I ran a benchmark comparing a recursive function vs a recursive lambda function using the std::function<>
capture method. With full optimizations enabled on clang version 4.1, the lambda version ran significantly slower.
#include <iostream>
#include <functional>
#include <chrono>
uint64_t sum1(int n) {
return (n <= 1) ? 1 : n + sum1(n - 1);
}
std::function<uint64_t(int)> sum2 = [&] (int n) {
return (n <= 1) ? 1 : n + sum2(n - 1);
};
auto const ITERATIONS = 10000;
auto const DEPTH = 100000;
template <class Func, class Input>
void benchmark(Func&& func, Input&& input) {
auto t1 = std::chrono::high_resolution_clock::now();
for (auto i = 0; i != ITERATIONS; ++i) {
func(input);
}
auto t2 = std::chrono::high_resolution_clock::now();
auto duration = std::chrono::duration_cast<std::chrono::milliseconds>(t2-t1).count();
std::cout << "Duration: " << duration << std::endl;
}
int main() {
benchmark(sum1, DEPTH);
benchmark(sum2, DEPTH);
}
Produces results:
Duration: 0 // regular function
Duration: 4027 // lambda function
(Note: I also confirmed with a version that took the inputs from cin, so as to eliminate compile time evaluation)
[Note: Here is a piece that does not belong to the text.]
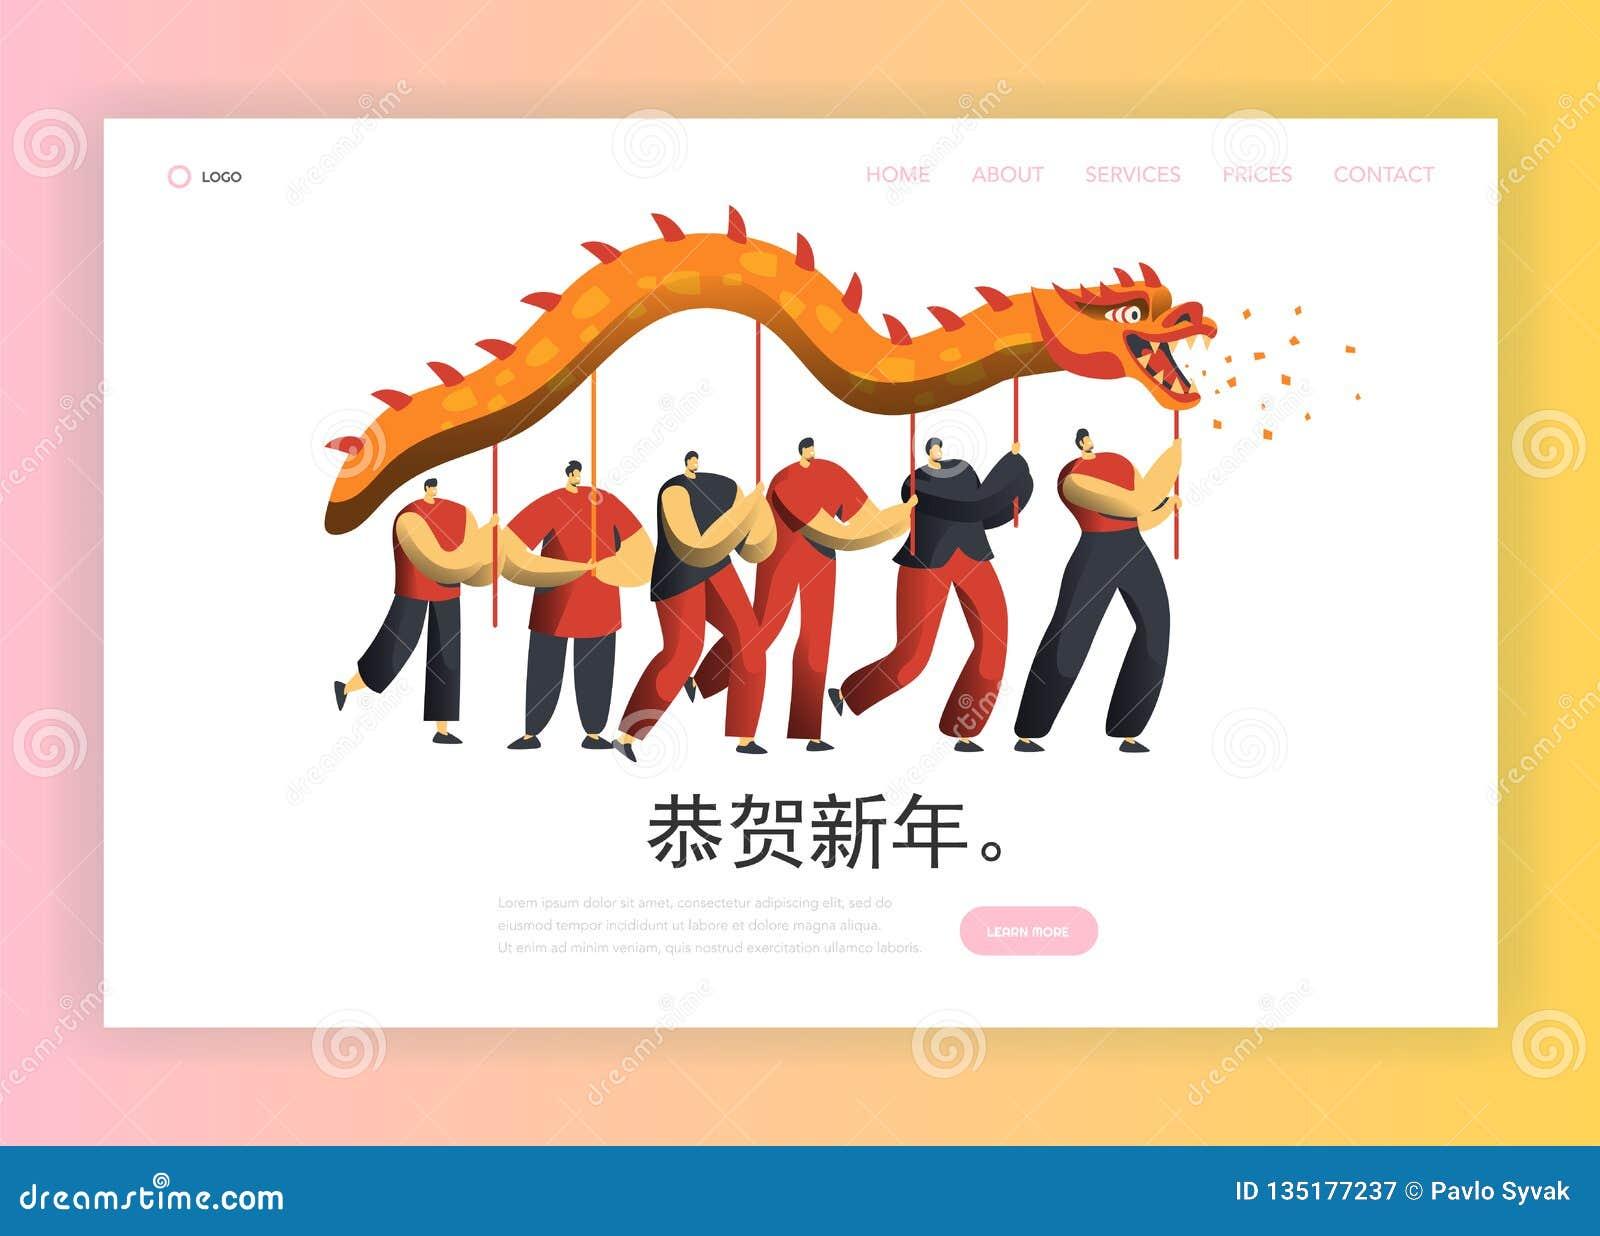 Κινεζική νέα προσγειωμένος σελίδα χορού δράκων έτους Σεληνιακός χαρακτήρας ανθρώπων διακοπών της Ασίας στο εορταστικό έμβλημα καλ

Clang also produces a compiler warning:
main.cc:10:29: warning: variable 'sum2' is uninitialized when used within its own initialization [-Wuninitialized]
Which is expected, and safe, but should be noted.
It's great to have a solution in our toolbelts, but I think the language will need a better way to handle this case if performance is to be comparable to current methods.
Note:
As a commenter pointed out, it seems latest version of VC++ has found a way to optimize this to the point of equal performance. Maybe we don't need a better way to handle this, after all (except for syntactic sugar).
Also, as some other SO posts have outlined in recent weeks, the performance of std::function<>
itself may be the cause of slowdown vs calling function directly, at least when the lambda capture is too large to fit into some library-optimized space std::function
uses for small-functors (I guess kinda like the various short string optimizations?).